Начали мы учиться. И вот тут я стал замечать, что помню не только то, что случалось лично со мной. Понимаете? Вообще-то это с каждым бывает. Помните, у Льва Толстого разговор Наташи с Соней – метампсикоза? И вот я вспоминал вдруг какие-то никогда не виданные пейзажи. Деревушки, кареты. Людей, очень странно одетых. Старинные залы, свечи, очень тяжелые пистолеты… Потом я стал читать и постепенно понял, что он – это я.
Последнюю фразу он сказал с таким убеждением, что я окончательно уверился, что он сумасшедший. Астеник, подумал я, чтец книжек. Фантазер. Да еще заворожен фамилией, датой рождения, лицеем… Мудрено не свихнуться. Но какой ясный, какой последовательный бред!

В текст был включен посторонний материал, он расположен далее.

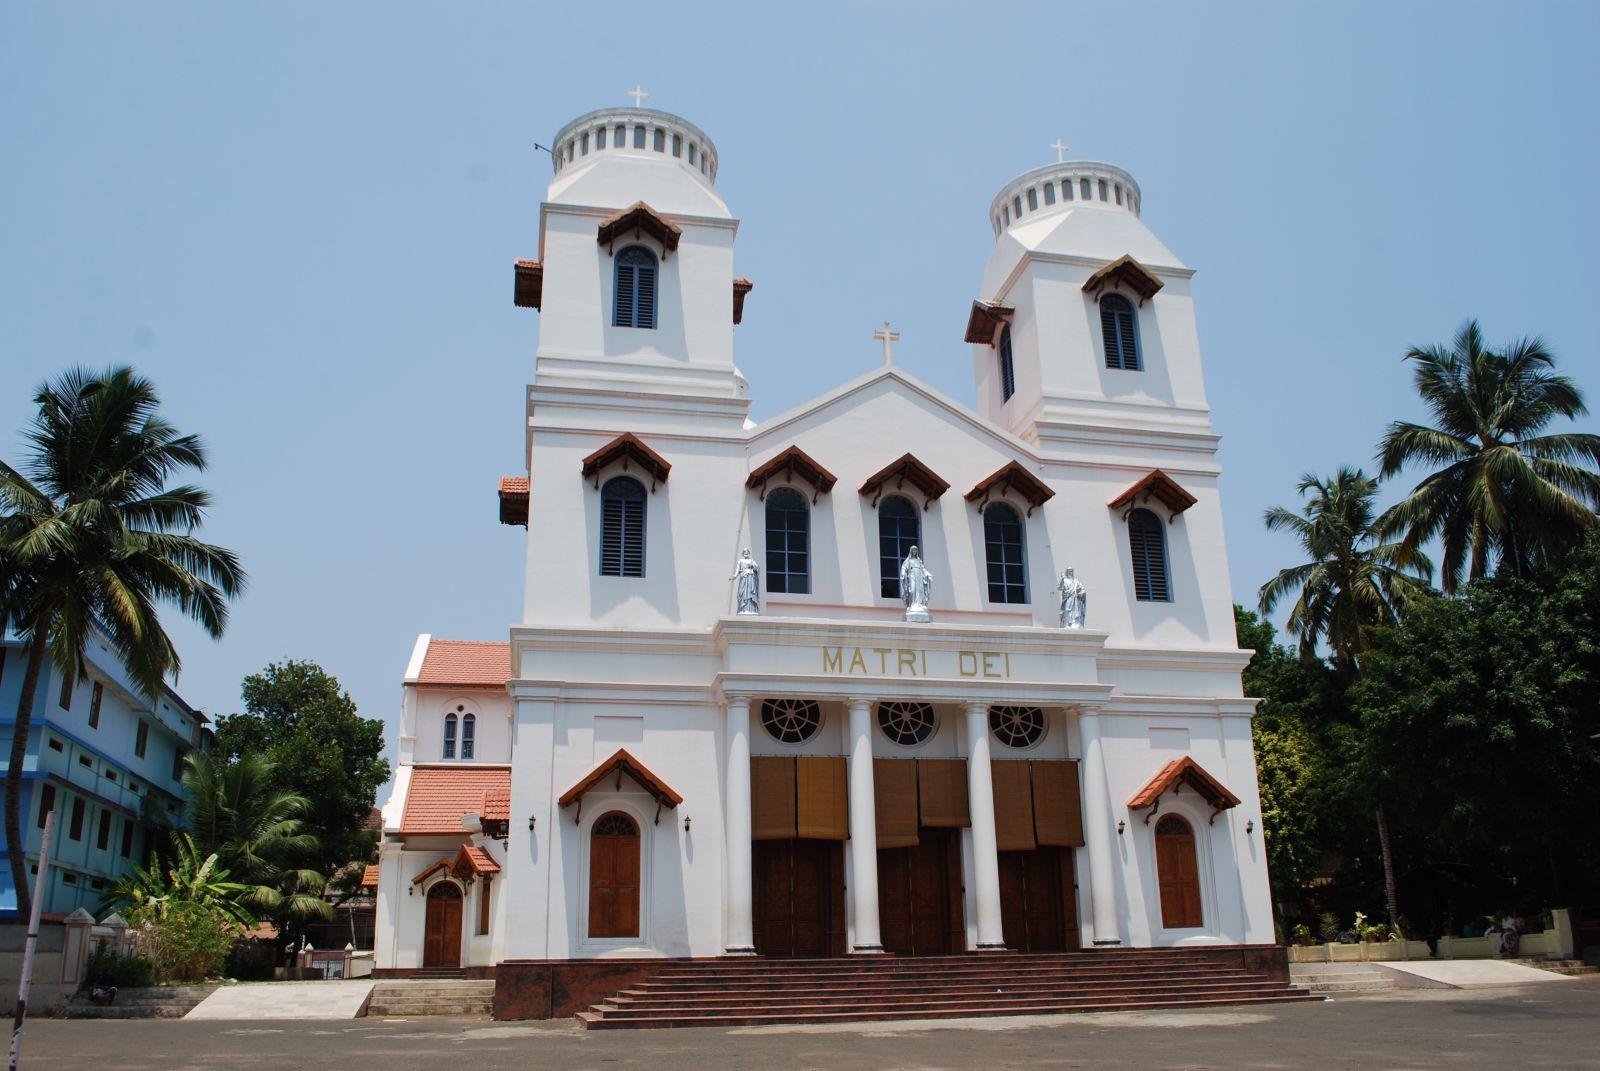 小巧的教堂以簡潔的建築線條呈現

– Понимаете, я вспомнил о том Пушкине такие вещи, о которых не было написано в книгах. Я помнил, каким было лицо у Державина, когда я читал на экзамене в Лицее, как блестели пуговицы на его мундире… Я помню, какая погода была в Болдине, когда я сжигал десятую главу «Онегина», и как горел камин… Помню, какими были глаза у Натальи Николаевны, когда я вырвался наконец из «холерной ссылки», и как много сказал мне тогда этот первый взгляд, и как я был тогда счастлив… Потом, начав читать пушкинистов, открыл о себе массу интересного. Ей-богу, если б я тогда знал, что моя жизнь будет настолько пристально, с таким сладострастием изучаться, не стал бы делать столько глупостей. А уж карты или поездки туда – ни-ни. Что за пример для потомства!.. А домыслов! Какую-то невинную шутку, ровным счетом не имевшую ни для меня, ни для кого никакого значения, каждый трактует по-своему, но пушкинисты – с бешеной серьезностью.
Тут он, видимо, что-то вспомнив, фыркнул, а потом, не сдержавшись, расхохотался, запрокидывая голову.

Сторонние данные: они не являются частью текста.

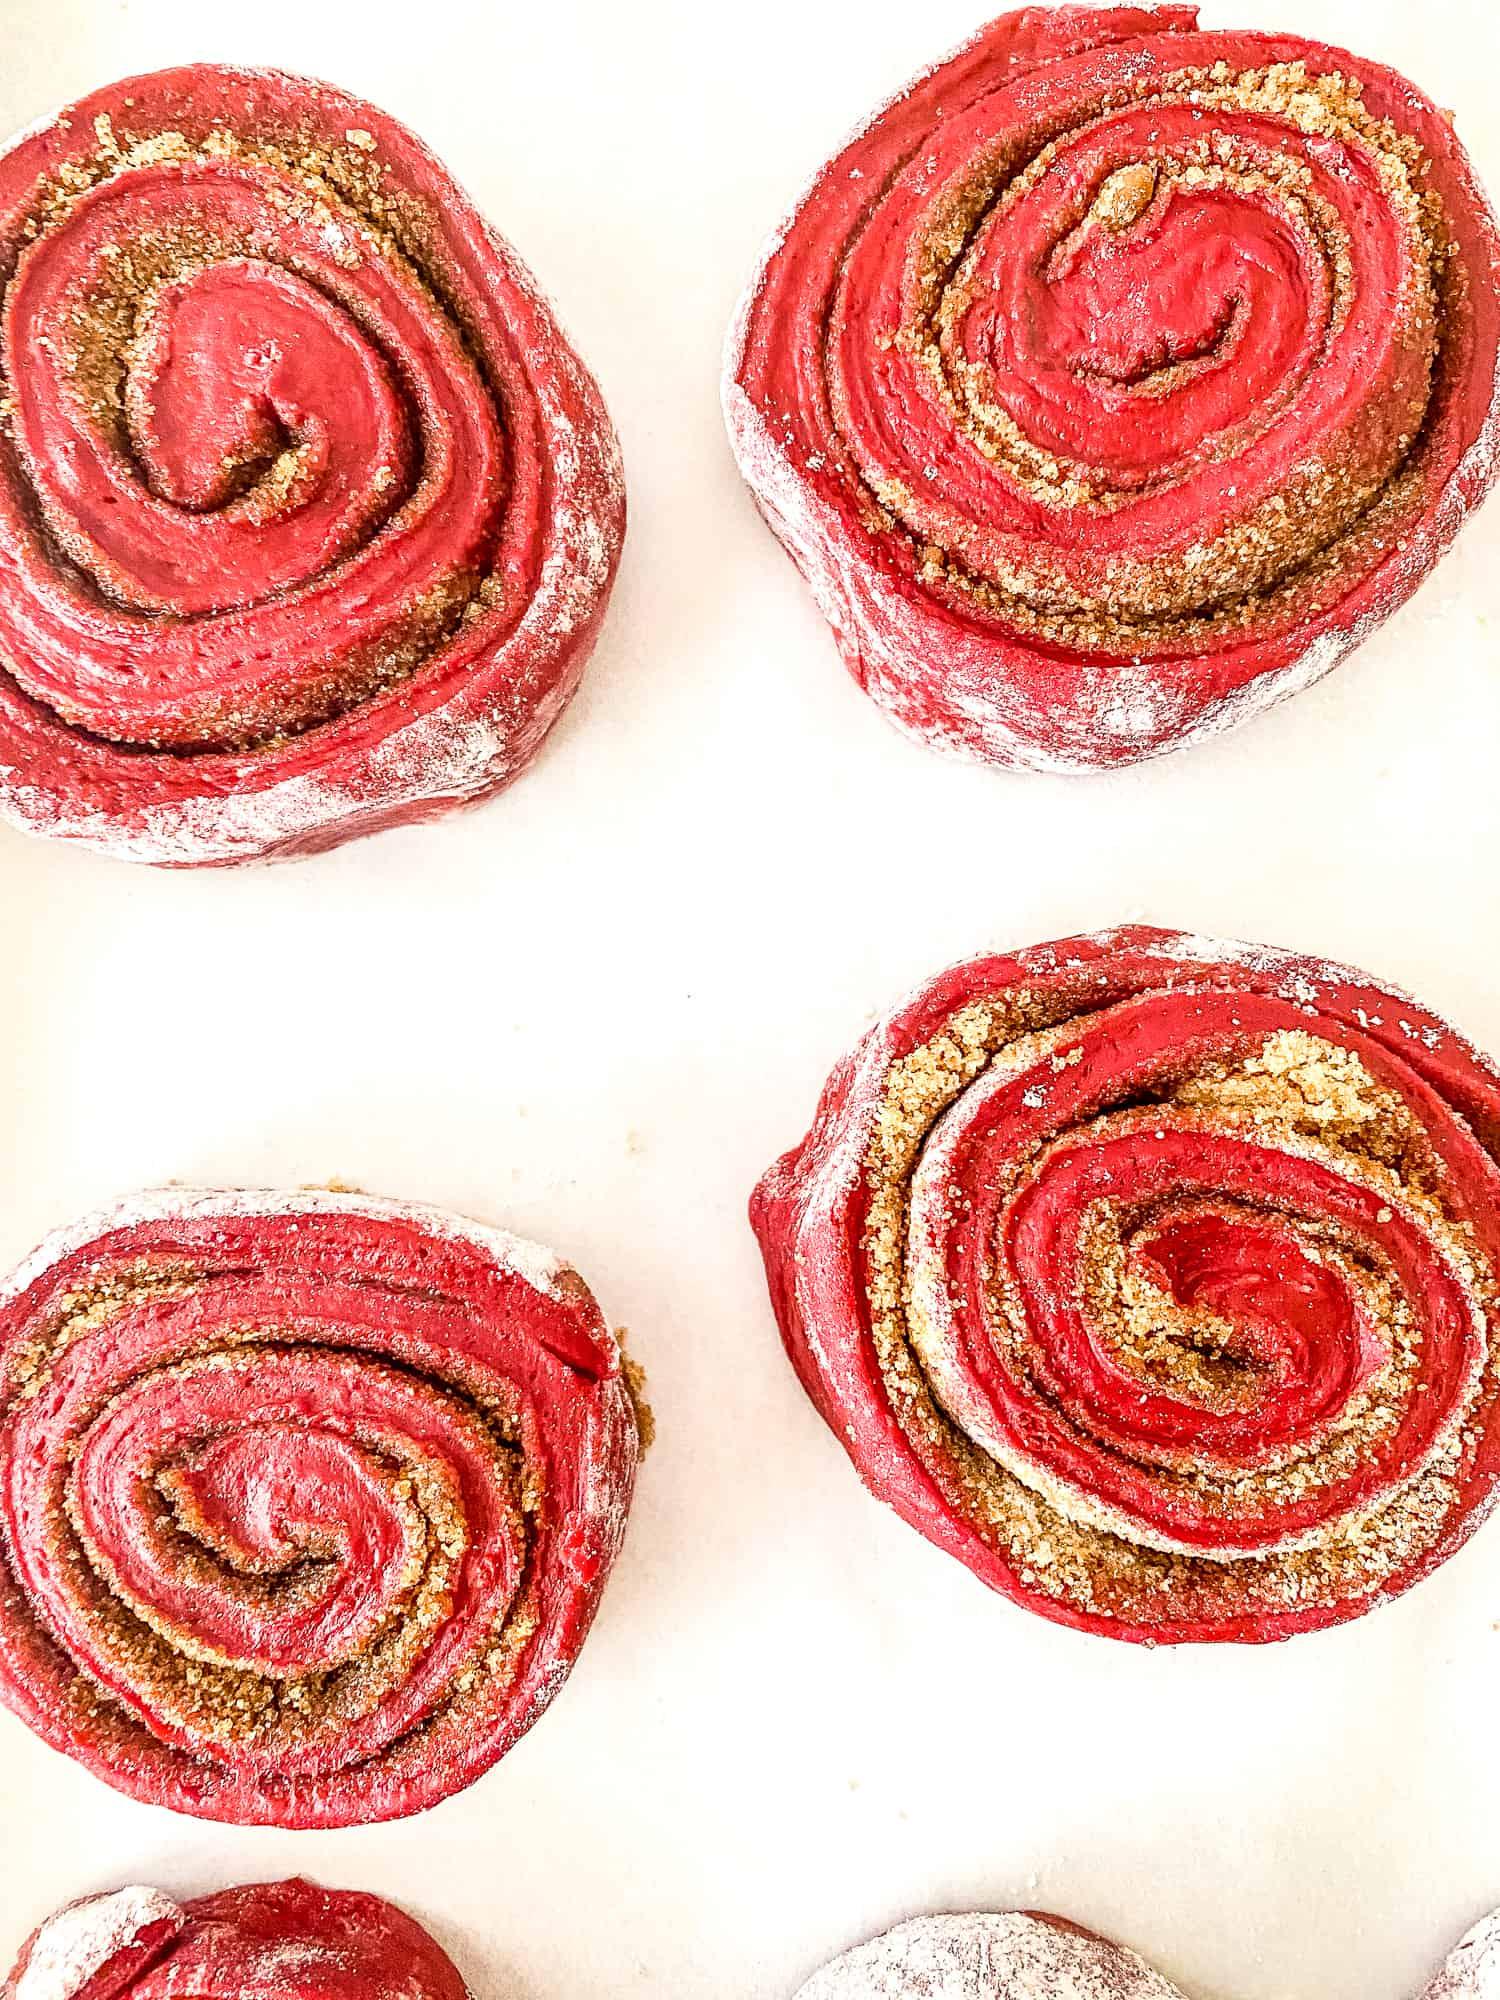 Fresh baked red velvet cinnamon rolls.

Конечно, он ненормальный. Но, черт возьми, с ним интересно! Однако сейчас я его поймаю.
– Скажите, Александр Сергеевич, – спросил я осторожно, когда он отсмеялся, – вот вы говорите, что помните, какая была погода в Болдине в тот день, когда вы сжигали «Онегина». – Он кивнул, улыбаясь. – А что там было написано – помните?
– Конечно.
Клюнуло!
– А вы не могли бы что-нибудь оттуда почитать? Если не трудно.
– Пожалуйста.
Вот он и попался. Сейчас он понесет свой графоманский бред, и все сразу станет на свои места.
Он легко поднялся, вышел на середину комнаты, повернулся лицом ко мне и начал читать.
После первой строфы сомнений не было. Это был Пушкин. Тот самый. И та самая, неизданная, никому не известная десятая глава «Онегина».
Он прочитал три строфы, спросил: «Достаточно?» – и не дожидаясь ответа, прошел по комнате и сел, но уже к окну, за стол Саши Невского. Я тоже безотчетно встал, пересек комнату и сел за стол напротив него. Теперь мы сидели лицом к лицу, как два партнера-противника за шахматной доской. Нас разделяли два поставленных впритык стола, две стоящие спиной друг к другу пишущие машинки.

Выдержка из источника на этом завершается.